--- HOW TO COMPLETE THIS TASK ---
Within the listing below, please copy exactly the lines between the line holding "Oregon Car Thief" and the line holding "Three images. The", inclusive.

--- PROVIDED RECORDS ---

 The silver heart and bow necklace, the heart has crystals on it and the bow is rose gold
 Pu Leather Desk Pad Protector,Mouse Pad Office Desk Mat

==

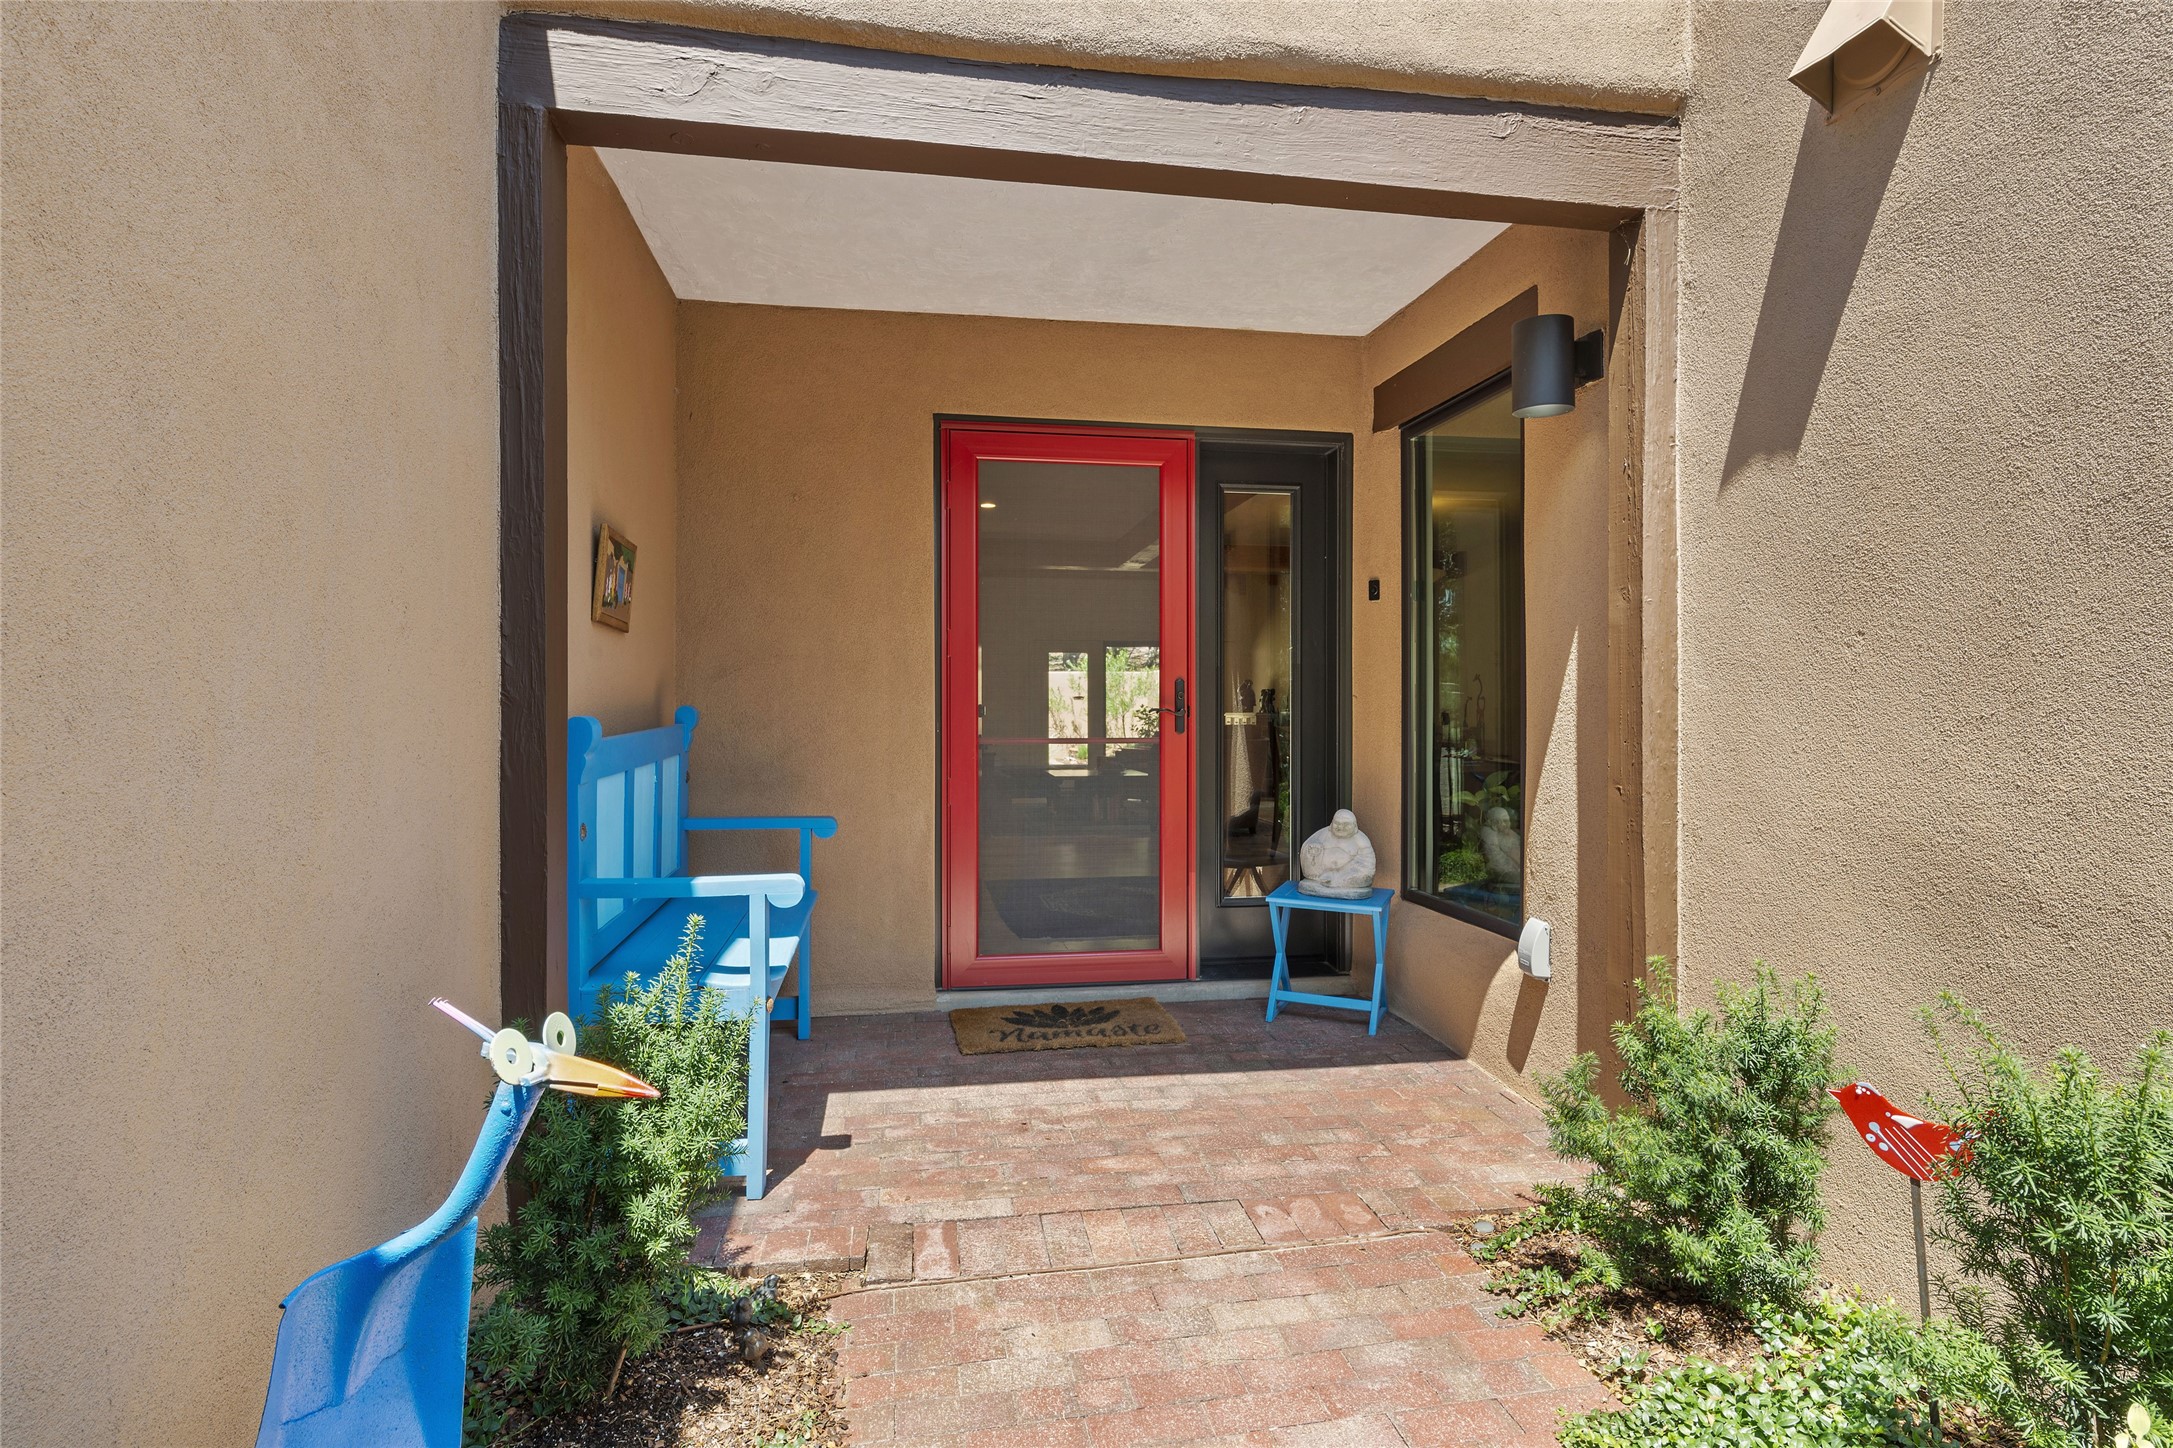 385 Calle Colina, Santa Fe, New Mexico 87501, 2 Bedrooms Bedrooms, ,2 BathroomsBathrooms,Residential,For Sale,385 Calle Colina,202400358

...

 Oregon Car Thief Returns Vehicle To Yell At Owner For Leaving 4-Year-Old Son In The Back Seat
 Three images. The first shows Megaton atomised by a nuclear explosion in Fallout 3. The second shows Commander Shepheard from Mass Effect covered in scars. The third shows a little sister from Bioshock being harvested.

--- SOLUTION FOR THIS PROBLEM ---
 Oregon Car Thief Returns Vehicle To Yell At Owner For Leaving 4-Year-Old Son In The Back Seat
 Three images. The first shows Megaton atomised by a nuclear explosion in Fallout 3. The second shows Commander Shepheard from Mass Effect covered in scars. The third shows a little sister from Bioshock being harvested.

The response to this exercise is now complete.